Der Dreck, das Glück und der Tod

Westernhagen singt „Gold findt man bekanntlich im Dreck, und Straßen sind aus Dreck gebaut.“ Im politisch korrektesten Tatort seit der Bergpredigt kommt Lena „Großaufnahme“ Odenthal in die Wohnsiedlung , um die Eltern der toten Fußballspielerin zu vernehmen. Es regnet, richtiges Scheiß, also dem-Fritz-sein-Wedder. Und da laufen sie dann durch den Schlamm, die Gören, welpenhaft alle auf den Ball, Scheiß auf die flache Vier. Orgelpfeifen im Nieselregen. Eins der Kinder trägt einen roten Mantel wie der Zwerg in Wenn die Gondeln Trauer tragen. Ja, okay, es heißt kleinwüchsig, aber der Killer in Venedig im Jahr der WM, als Willy Brandt nicht mehr Bundeskanzler war, das war ein Zwerg. Dieser Platz in der pfälzischen Bronx ist ohne ein einziges Hälmchen, dafür mit Pfützen, dem obligatorischen knastähnlichen Zaun und liegt in einer Wohnöde, durch die die Bewohner der pfälzischen Bronx in den tiefergelegten Mantas oder Corsas über die Autobahn auf Stelzen brettern, um ins Werk zu gelangen oder zur HartzIV-Beratung. Da spielen sie, die Käfigfußballer, die Özils und Bajramajs von übermorgen und trotzen dem Wetter, der sozialen Stratifikation und dem manchmal etwas lehrbuchhaften Drehbuch. Denn der Film will Gutes tun, man kann mit ihm den Frauen-Fußball oder den Islam näher kennen lernen. Für sprachlos machende poetische dreißig Sekunden ist das dann völlig unwichtig, denn sogar im Öffentlich-rechtlichen sagt ein Bild manchmal mehr als tausend Worte. Natürlich dürfen dann auch Kopper, der Platzwart und die Trainerin ihr Sprüchlein aufsagen, was an Fußball so toll ist. Aber der tiefere philosophische Gehalt dieses Sports besteht wirklich nur darin, sich bei plus zwei Grad im Eisregen von guten Freunden die Bänder kaputt treten zu lassen. Mehr ist es nicht. Insofern reimt sich Dreck dann auch auf Glück.

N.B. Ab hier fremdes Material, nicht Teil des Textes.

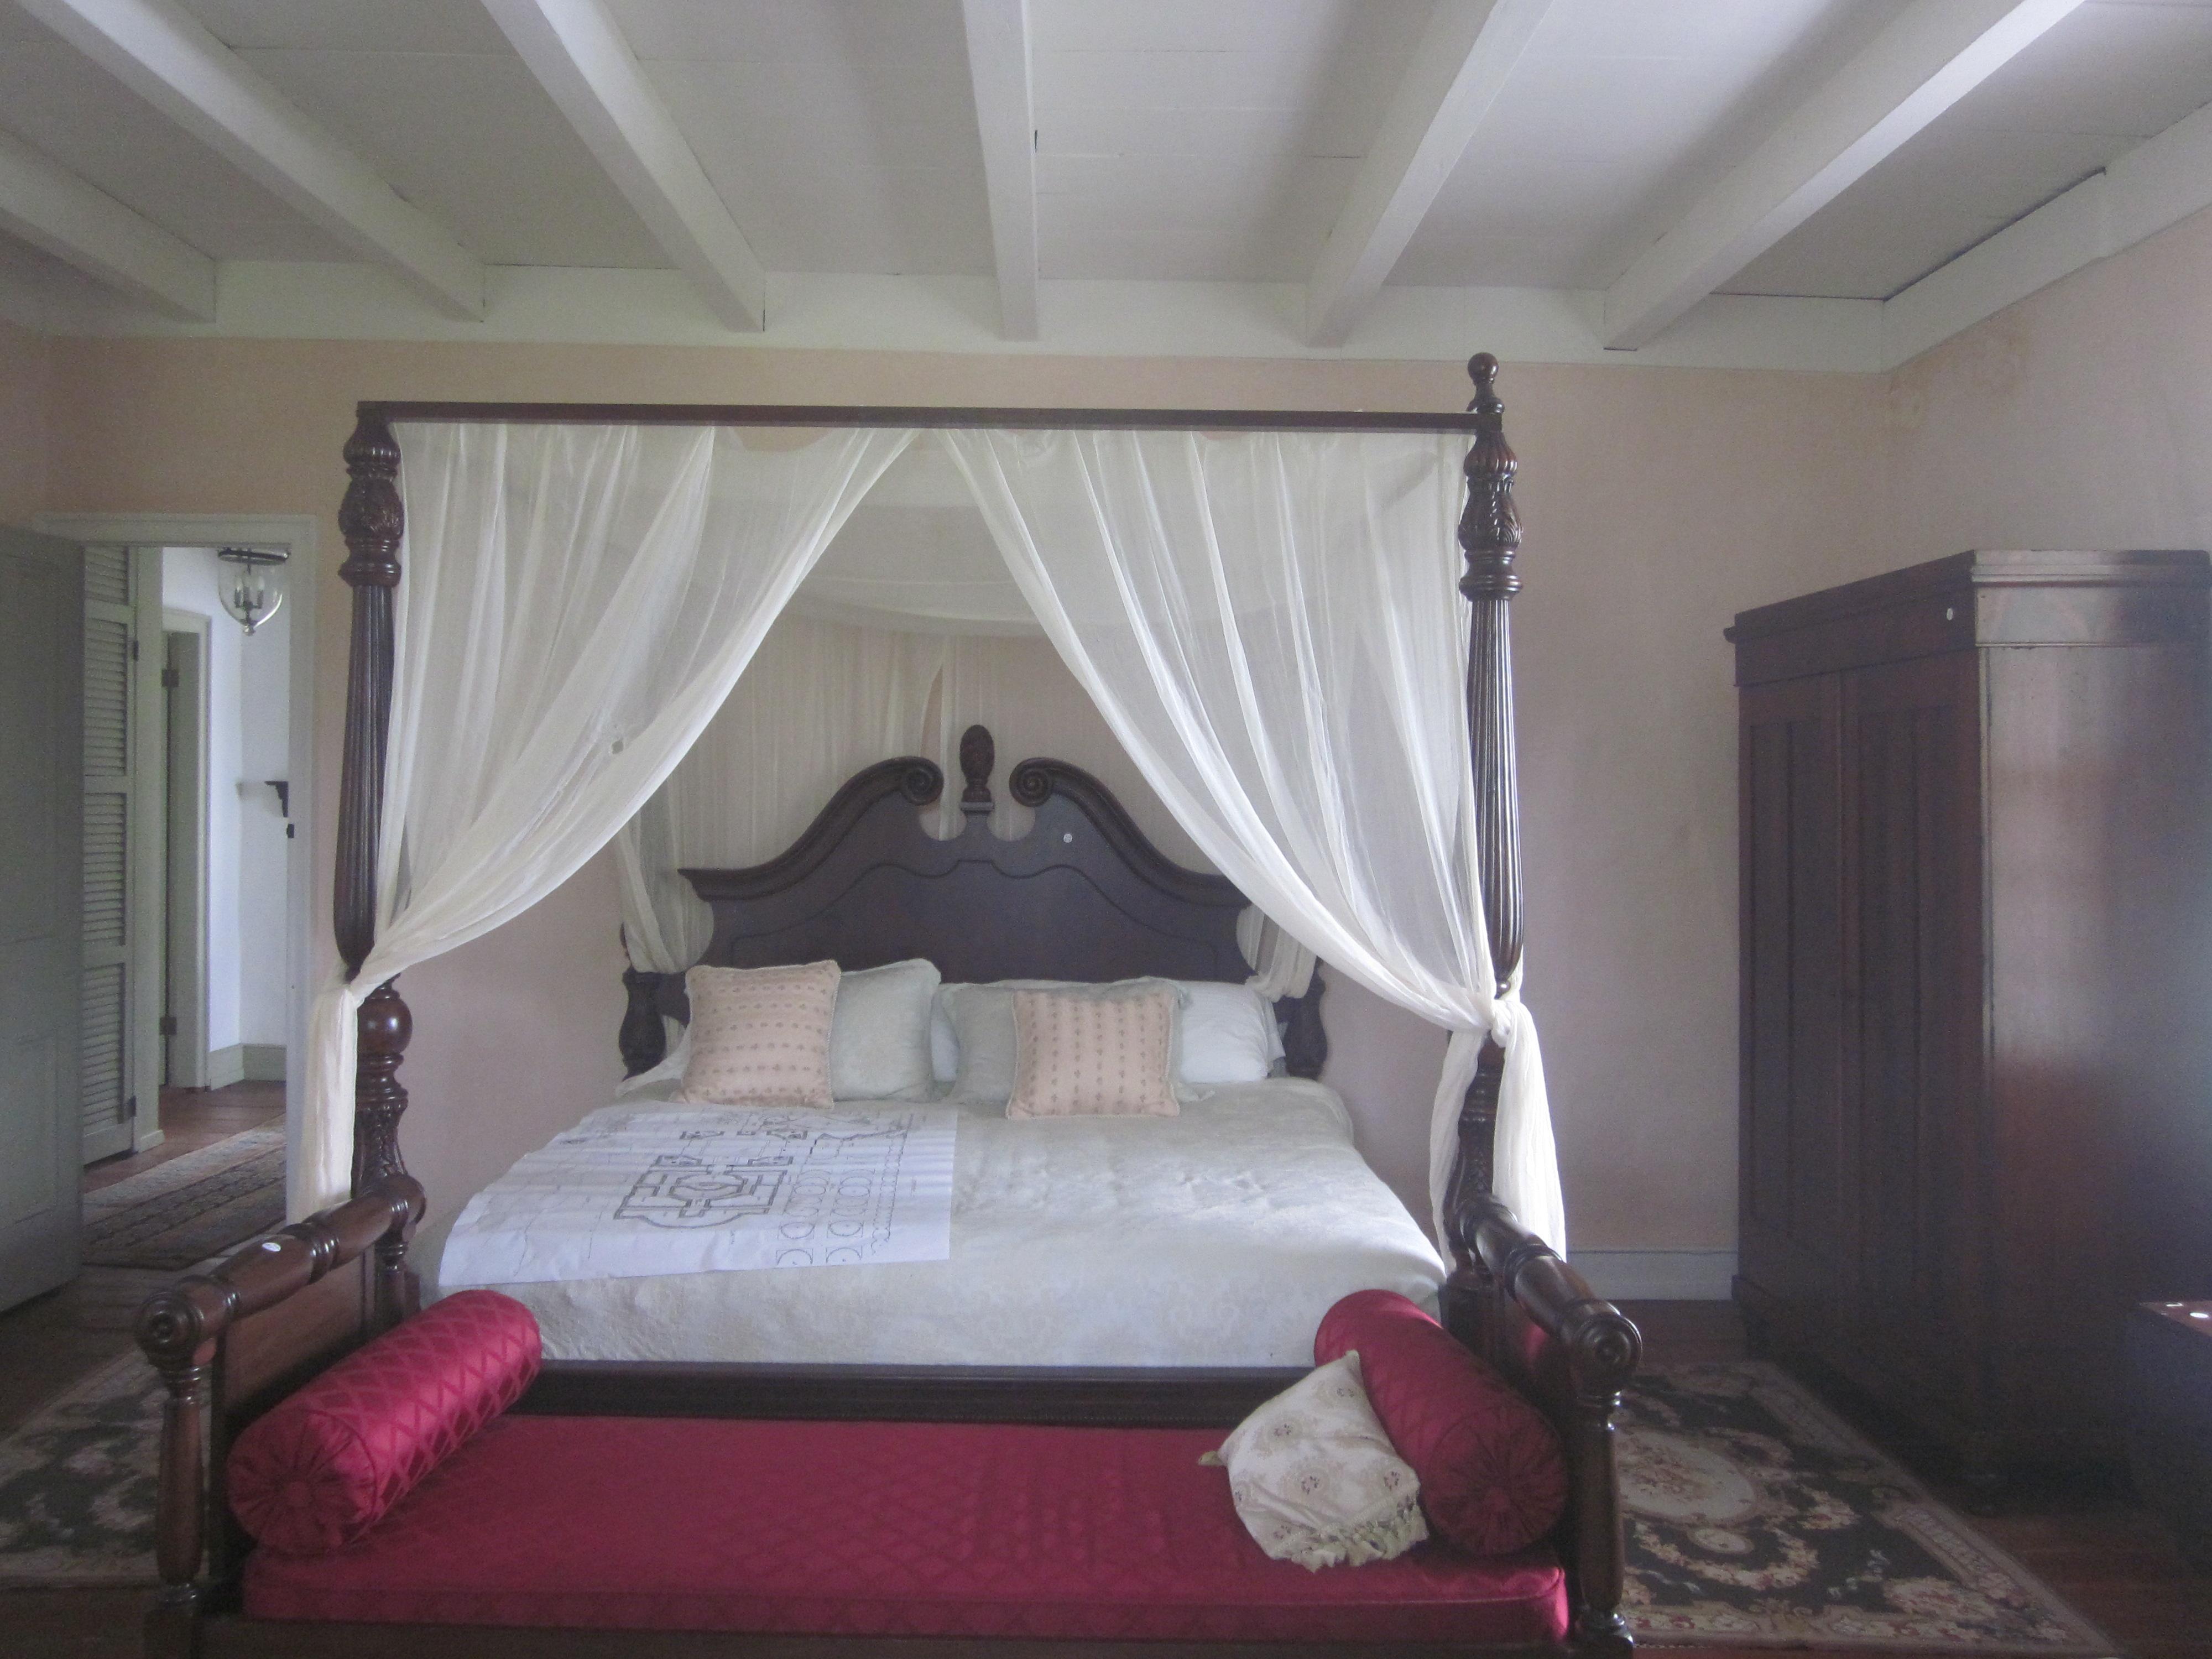 Big Room House Remix Dj Holy Grail
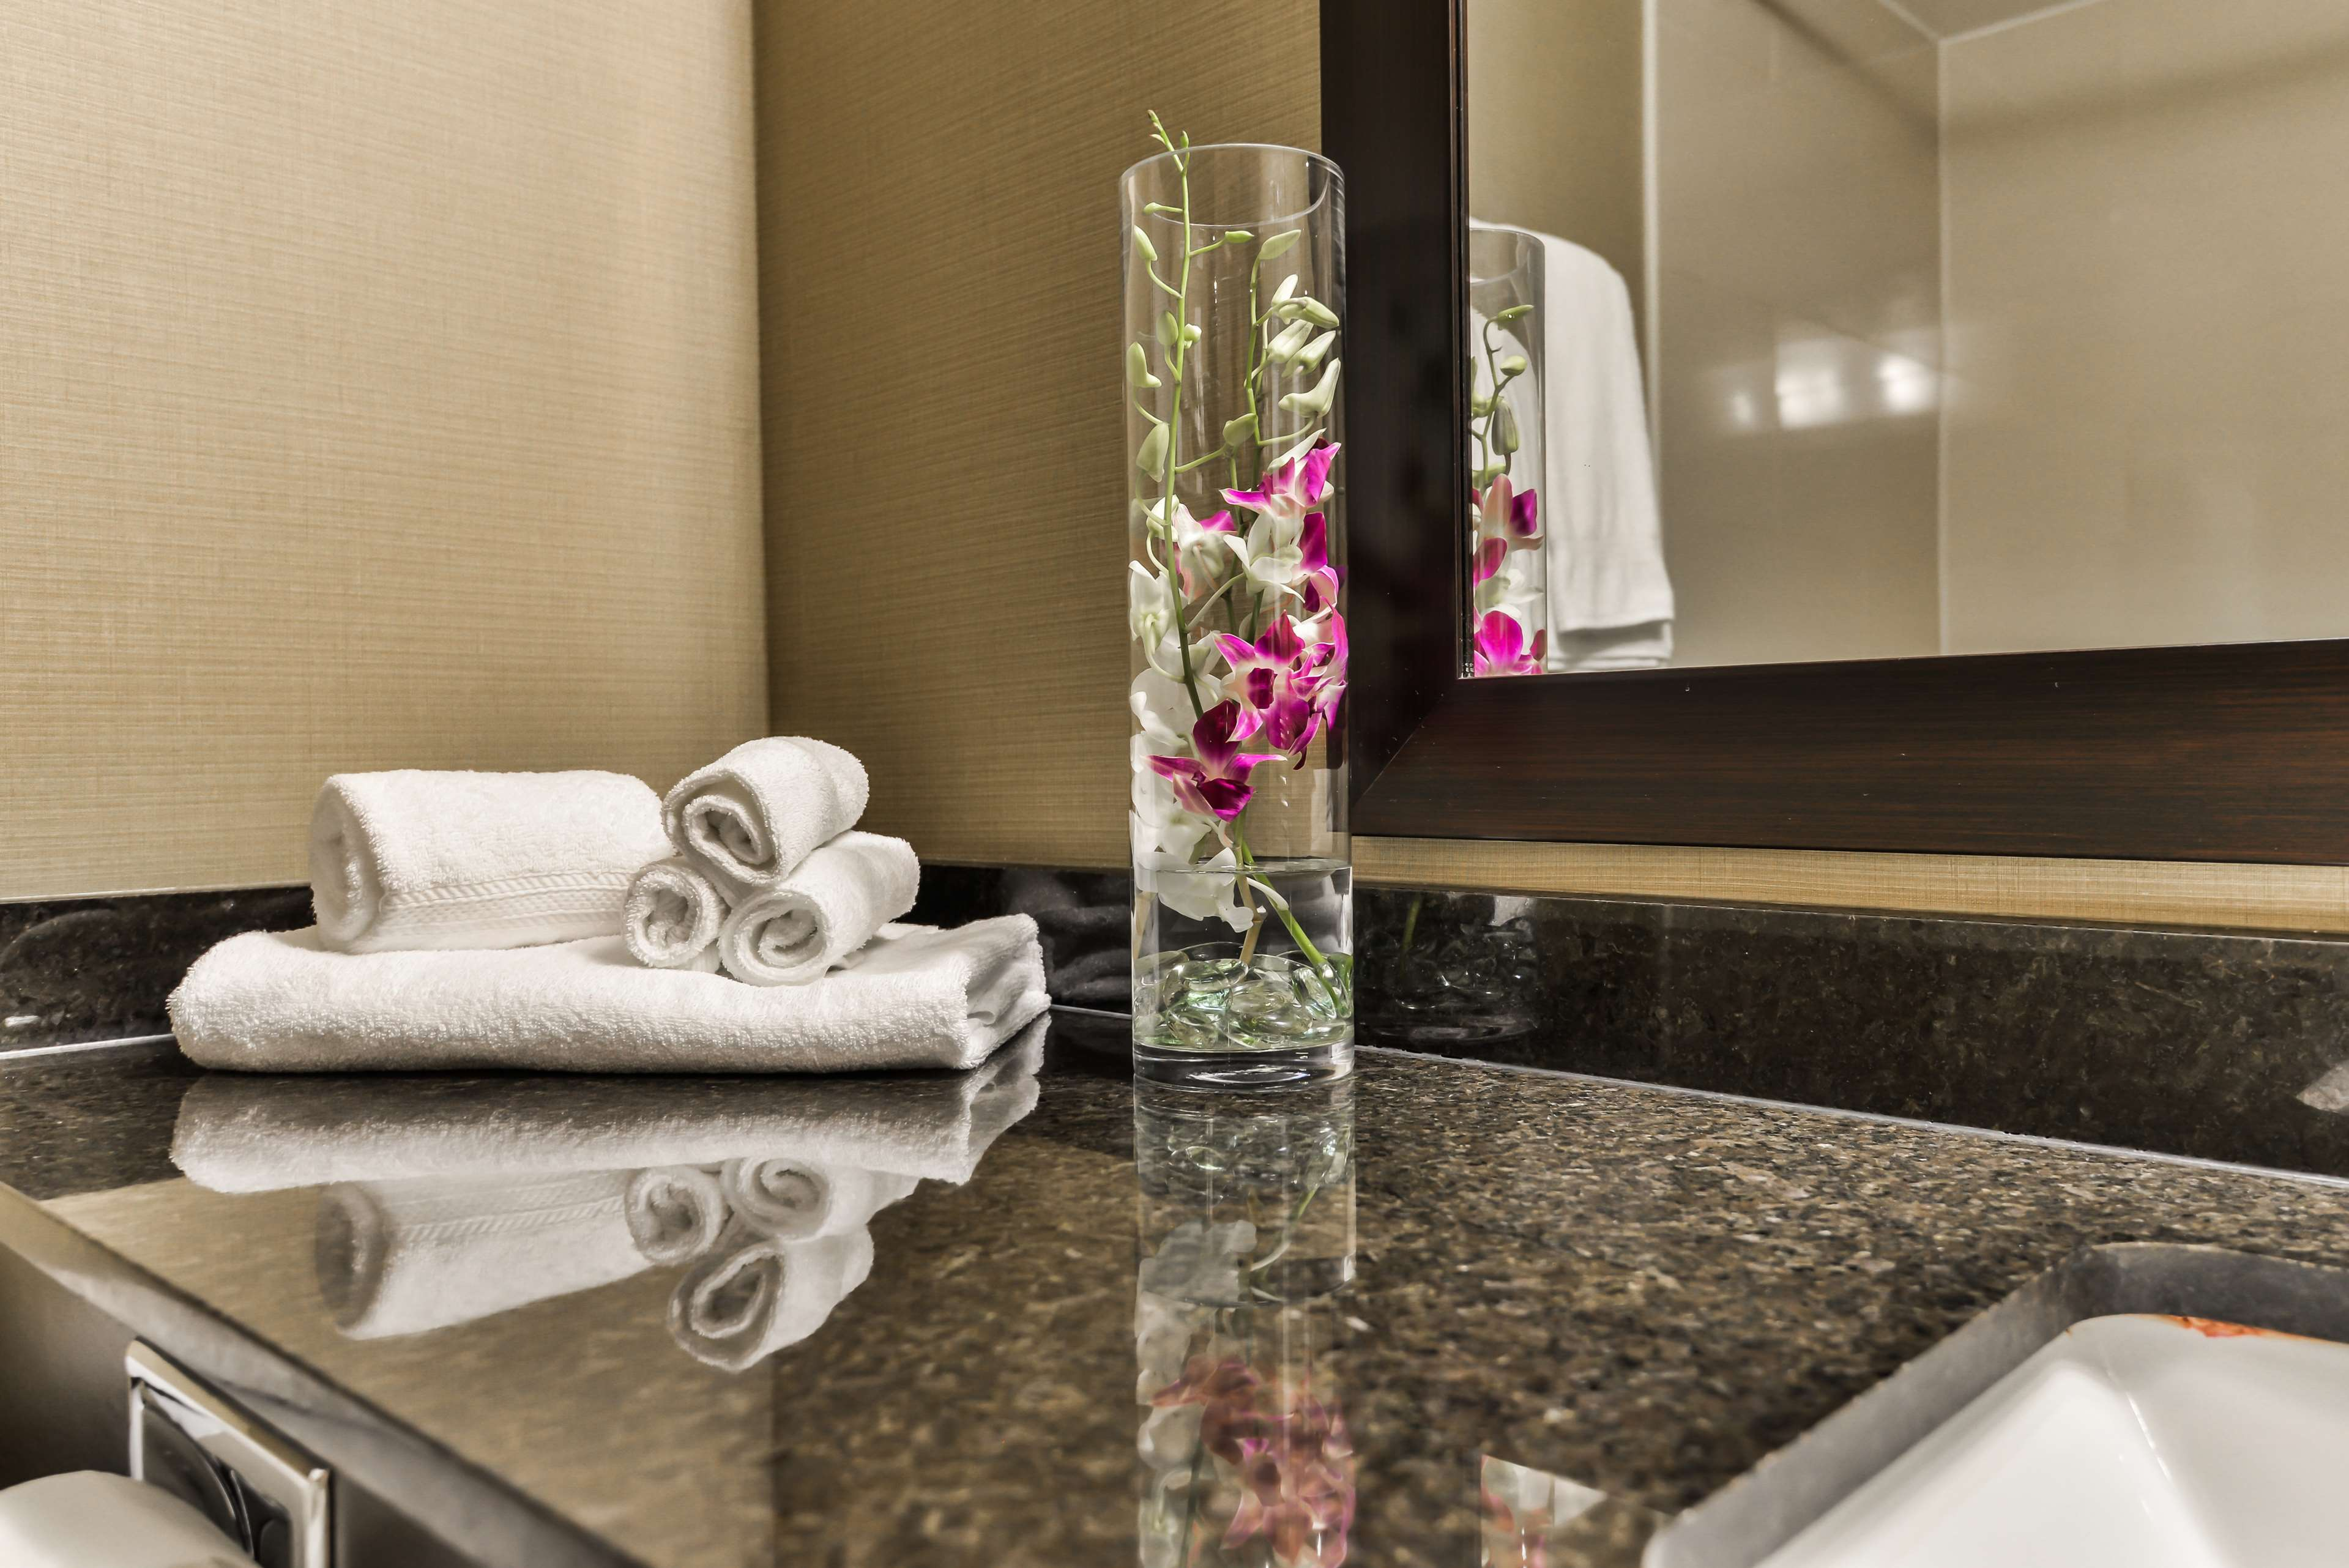 Guest Bathroom Best Western Plus Leamington Hotel & Conference Centre Leamington (519)326-8646

Trotz der volkspädagogischen Botschaft, zu der auch Jogi Löw arm an Mimik, aber reich an Betroffenheit sein Quäntchen beiträgt, obwohl Quanten von Haus aus schon recht klein sind, ist es eine der besseren Folgen. Das Drehbuch unter vermutlich tätiger Mithilfe von Ulrike Folkerts erspart uns das lesbische Eifersuchtsdrama, und weil Tatort kein Derrick ist, ist es auch nicht der alerte Manager, der den Verein groß rausbringen will, stattdessen aber die gute Würstchenseele auf kleiner Flamme röstet, dieser Schuft im Sakko, der seine Mutter für 25 Millionen ohne mit der Wimper zu zucken an die Bayern verkaufen würde.

Natürlich kann der Mörder nicht der muslimische Vater oder die muslimische Mutter sein, die dann natürlich die Mörderin wäre, denn es heißt ja auch nicht Zwerg, sondern kleinwüchsig.  Aber immerhin, Kopper pöbelt ein bißchen leitkulturmäßig herum, der Vater klaut die Leiche, die Mutter spricht akzentfrei deutsch, vermutlich aus Hannover eingeheiratet, also mit Migrationshintergrund doppelt diskriminiert. Außerdem sprechen im Tatort immer nur die Bürokräfte Dialekt. Also keine Mustermigranten, sondern Muslime mit Ecken und Kanten, und weil’s nach drei Ecken einen Elfer gibt, versenkt Lena Odenthal denselben gegen ihren WG-Mitbewohner im anarchisch-spontanen Spiel auf dem Bürgersteig.

Der Mörder ist diesmal der Gärtner, also der Platzwart. Yo Mey! hätte der Franz bestimmt gesagt, denn das passt ja immer. Und diese vermutlich zufällige Wendung auf Postone – Blut und Boden („Der Verein ist meine Familie“) Hüter des Heiligen Rasens vernichtet Subjekt im fälschlichen Glauben, damit den Mehrwert im Kapitalismus vernichten zu können – ist ein weiterer seltener Moment lichter Erkenntnis. Eine marxistische Antisemitismustheorie auf den Tod einer muslimischen Migrantin anzuwenden, das ist fast so dialektisch wie der Doppelpaß von Netzer und Müller beim 5-1 gegen die Schweiz. Die Seele des Vereins wird zum Mörder, weil der Kapitalismus keine Seele hat. So brutal kann Fußball sein.